[Record extracts]
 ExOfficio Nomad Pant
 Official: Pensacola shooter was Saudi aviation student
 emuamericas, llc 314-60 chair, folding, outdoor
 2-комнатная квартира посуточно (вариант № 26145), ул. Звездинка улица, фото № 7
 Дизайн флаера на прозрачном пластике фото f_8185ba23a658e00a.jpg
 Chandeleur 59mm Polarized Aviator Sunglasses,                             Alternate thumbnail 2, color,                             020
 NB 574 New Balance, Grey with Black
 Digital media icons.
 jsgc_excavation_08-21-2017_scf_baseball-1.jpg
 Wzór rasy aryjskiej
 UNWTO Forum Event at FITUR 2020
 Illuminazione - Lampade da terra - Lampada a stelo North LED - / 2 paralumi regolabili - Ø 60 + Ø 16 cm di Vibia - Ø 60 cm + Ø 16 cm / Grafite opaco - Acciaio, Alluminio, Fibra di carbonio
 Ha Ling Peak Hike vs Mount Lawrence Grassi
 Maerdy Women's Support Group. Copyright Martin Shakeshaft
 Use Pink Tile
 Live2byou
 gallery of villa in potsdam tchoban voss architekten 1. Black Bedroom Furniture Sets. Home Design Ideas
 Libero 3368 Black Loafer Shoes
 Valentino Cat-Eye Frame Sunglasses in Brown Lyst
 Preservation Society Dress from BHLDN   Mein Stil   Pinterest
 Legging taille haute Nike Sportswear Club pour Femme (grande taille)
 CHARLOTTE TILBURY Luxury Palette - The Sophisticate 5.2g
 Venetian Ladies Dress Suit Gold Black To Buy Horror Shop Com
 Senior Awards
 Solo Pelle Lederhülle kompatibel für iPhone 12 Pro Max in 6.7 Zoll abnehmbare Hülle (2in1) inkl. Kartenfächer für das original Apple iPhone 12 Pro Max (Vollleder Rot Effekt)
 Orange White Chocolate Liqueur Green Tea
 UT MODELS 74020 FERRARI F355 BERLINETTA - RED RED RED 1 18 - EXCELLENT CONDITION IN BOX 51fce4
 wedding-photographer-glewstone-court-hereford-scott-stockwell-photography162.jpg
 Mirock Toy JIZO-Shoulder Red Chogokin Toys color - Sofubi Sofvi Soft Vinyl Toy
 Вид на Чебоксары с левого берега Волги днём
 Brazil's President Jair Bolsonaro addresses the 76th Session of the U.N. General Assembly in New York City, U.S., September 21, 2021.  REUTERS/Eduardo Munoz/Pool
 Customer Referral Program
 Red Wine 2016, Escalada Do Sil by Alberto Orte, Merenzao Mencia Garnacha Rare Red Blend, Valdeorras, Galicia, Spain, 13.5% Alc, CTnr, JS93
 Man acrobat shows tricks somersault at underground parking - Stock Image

[Assigned task] Scan the listing above. Gather each line that contains the word "Black".

[Answer section]
 NB 574 New Balance, Grey with Black
 gallery of villa in potsdam tchoban voss architekten 1. Black Bedroom Furniture Sets. Home Design Ideas
 Libero 3368 Black Loafer Shoes
 Venetian Ladies Dress Suit Gold Black To Buy Horror Shop Com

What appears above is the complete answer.